На возвышении холма стоит кряжистый дом, широкий по периметру. Без различных украшений, резных наличников, дом с первого взгляда радует своей простотой и практичностью. Потемневшие здоровые бревна, массивное крыльцо, окна как бойницы, на крыше замшелая дранка – угрюмый, мрачный, настоящий дом воина. На крылечке столярничает сухонький старичок в валенках и кацавейке. Из рукавов серой суконной рубашки выглядывают морщинистые руки. Кучка желтых стружек копится на половых досках.

– Здорово, батяня! – радостно орет подполковник.

– Встречай дорогих гостей! – в тон ему вторит Иваныч.

– Идите на хрен, раздолбаи! – не отрываясь от своего дела, огрызается старичок.

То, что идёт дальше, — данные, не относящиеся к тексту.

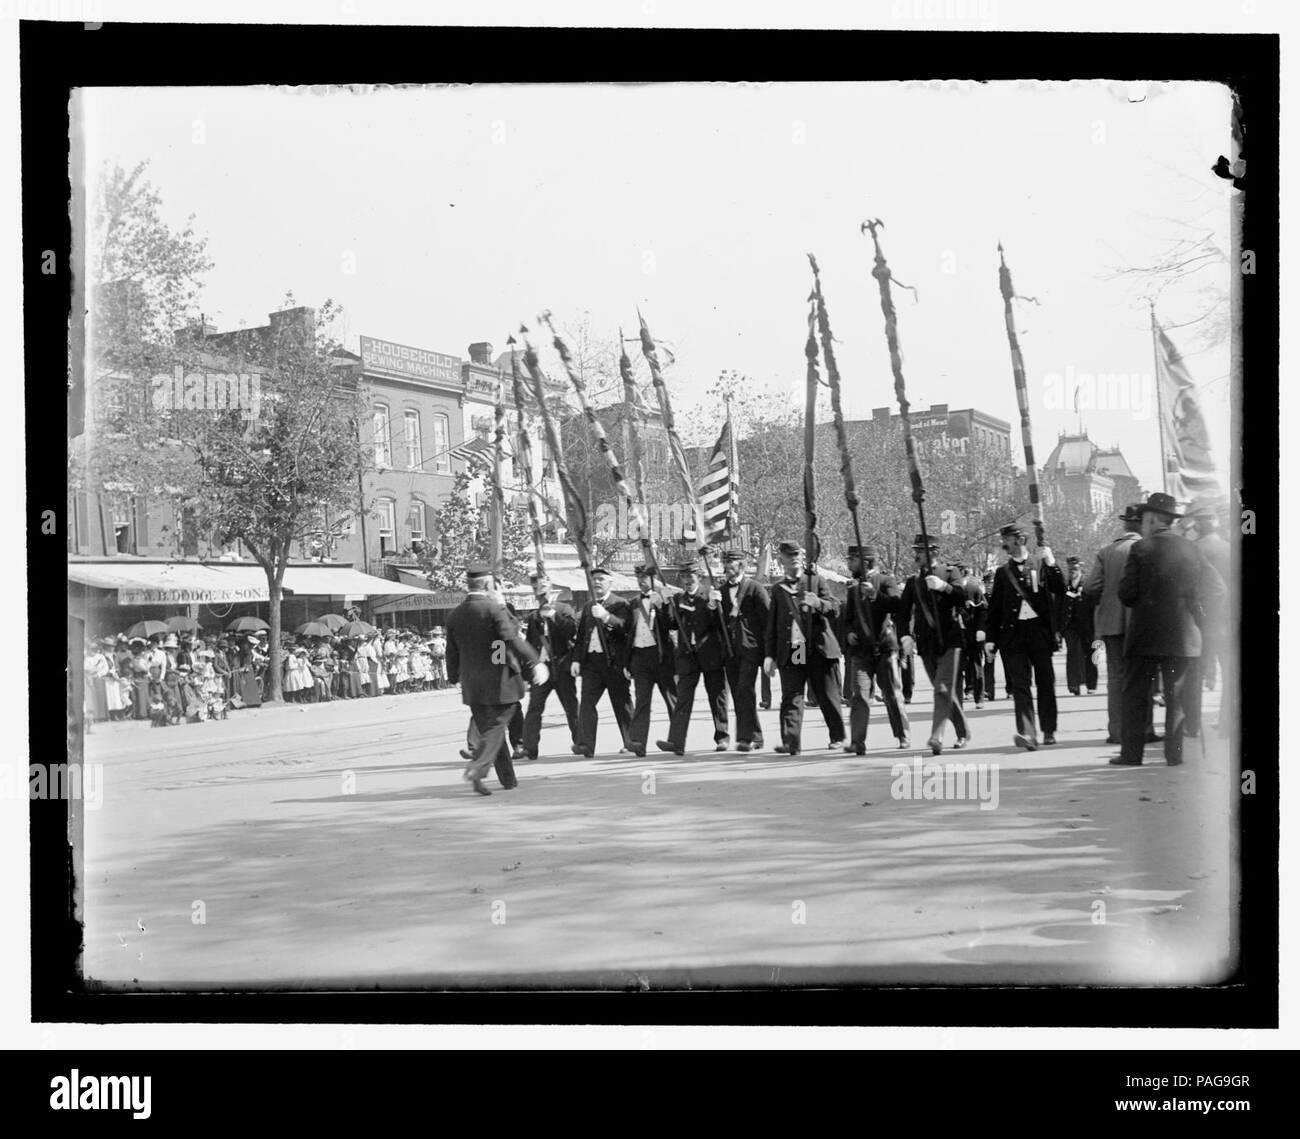 Battle Of Trenton Black and White Stock Photos & Images - Alamy

Я прыскают от неожиданности, ребята-проводники тоже улыбаются, пока не натыкаются на взгляды взрослых берендеев.

– Вот жду не дождусь, когда то же самое скажу своим подопечным! – хмыкает Иваныч. – Батя, не дело это – встречать сыновей теми же словами, какими прощались.

Я не выдерживаю и хохочу над попыткой грозных берендеев сохранить лицо перед молодыми. Старичок хитро смотрит на меня из-под кустистых черных с проседью бровей и обрушивает праведный гнев на мою бедовую головушку.

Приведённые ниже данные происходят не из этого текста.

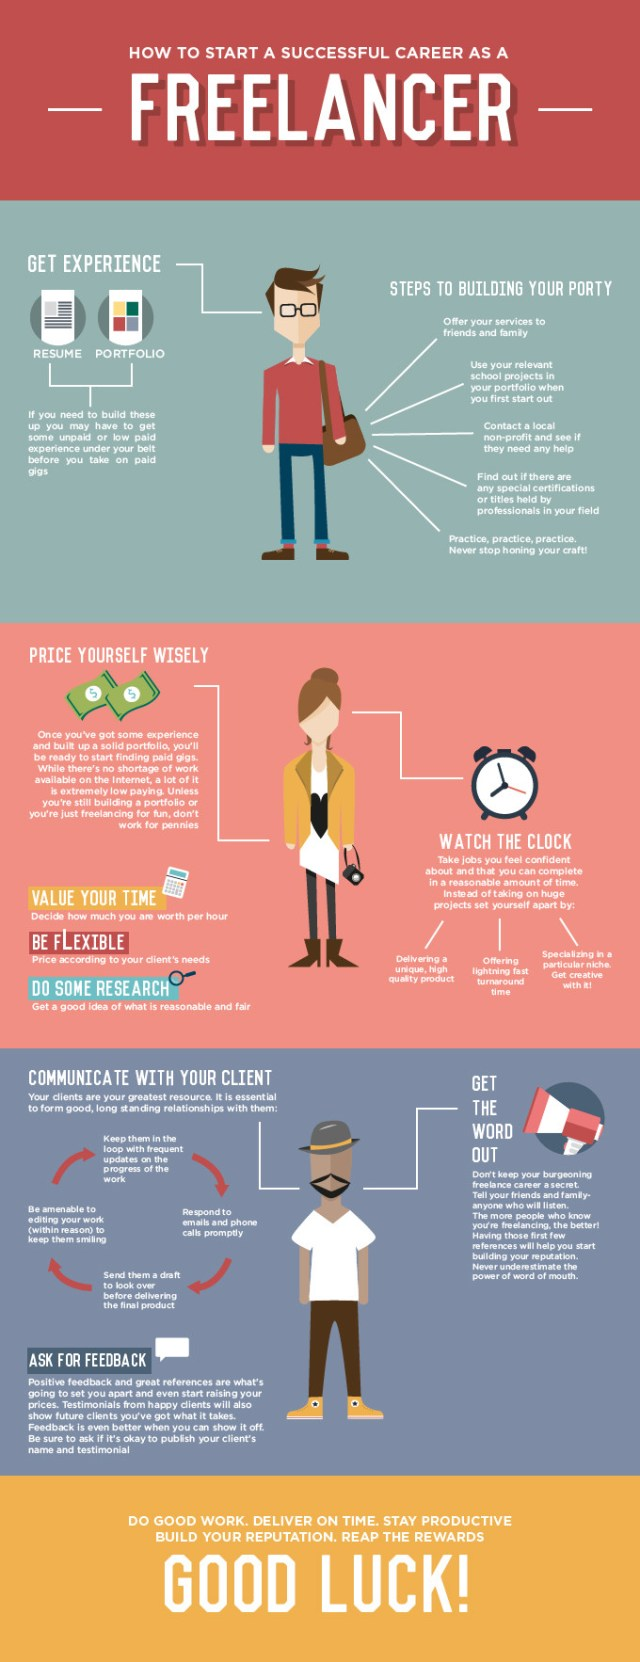 Successful Freelancer info

– Чего ржешь-то, щенок? Али поводов для счастья много? Ты посередь берендеев, и энто уже причина вести себя смирно и не гоготать аки коняка заморская, зеброй именуемая. Цыть! – и строгий старичок оглаживает небольшую седую бородку.

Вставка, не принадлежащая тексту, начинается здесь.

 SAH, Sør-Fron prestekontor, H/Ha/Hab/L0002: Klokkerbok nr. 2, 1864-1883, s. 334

– Он с нами, батя, это последняя кровь! – обиженным шмелем гудит подполковник. – Вот уж не ждал, что так шикарно встретишь, после стольких-то лет.

– И тебе цыть, Серега! Совсем разбаловались в своих городах, забыли, как нужжо ходить по тайге! За пять верст вас слышно, лоси баламутные! Что моих сорванцов поучили, за то спасибо, – старичок кивает на шишку белобрысого, – а вот что науку мою так быстро забыли, за то и браню вас, окаянные.

– За неделю вспомним все, батя! – обещает Иваныч, почесывая макушку. – Мы же к тебе не на один день выбрались…

– Ладноть, олухи, идите сюды, обойму вас, что ли! – Сидорыч скидывает напускную суровость и распахивает объятия. – Вона пузяки-то какие наели, и трех обхватов не хватит.

– Да это у Михайлы, я-то себя в порядке держу! – тут же вкладывает своего побратима Сергей.

– Ага, глянь какую харю наел, всю десантуру объедает на корню, – не остается в долгу Иваныч. – А что про меня – так у хорошего хозяина конь под навесом должен стоять!

После крепких мужских объятий берендеи отправляются в дом. Я двигаюсь следом, но сухая ладонь старика упирается в грудь.

– Я тебя не приглашал, охотник! Подожди на улице, с моими ребятами поиграйся. Коль вы не пускаете оборотней в дом, так и оборотни ответно откажут вам во входе, – и ладонь легко толкает назад.

– Ну, батя! – просящим тоном гудит Иваныч.

– Я никогда не повторяю дважды, бушь возникать – останешься с ним на улице, да брата твово за компанию выгоню и слухать никого не буду. Выбирай, Мишенько! – говорит старик.

Иваныч виновато разводит руками, мол, извини, сам видишь и идет за вошедшим подполковником вовнутрь. За стариком глухо хлопает тяжелая дверь. Я остаюсь наедине с молодыми берендеями.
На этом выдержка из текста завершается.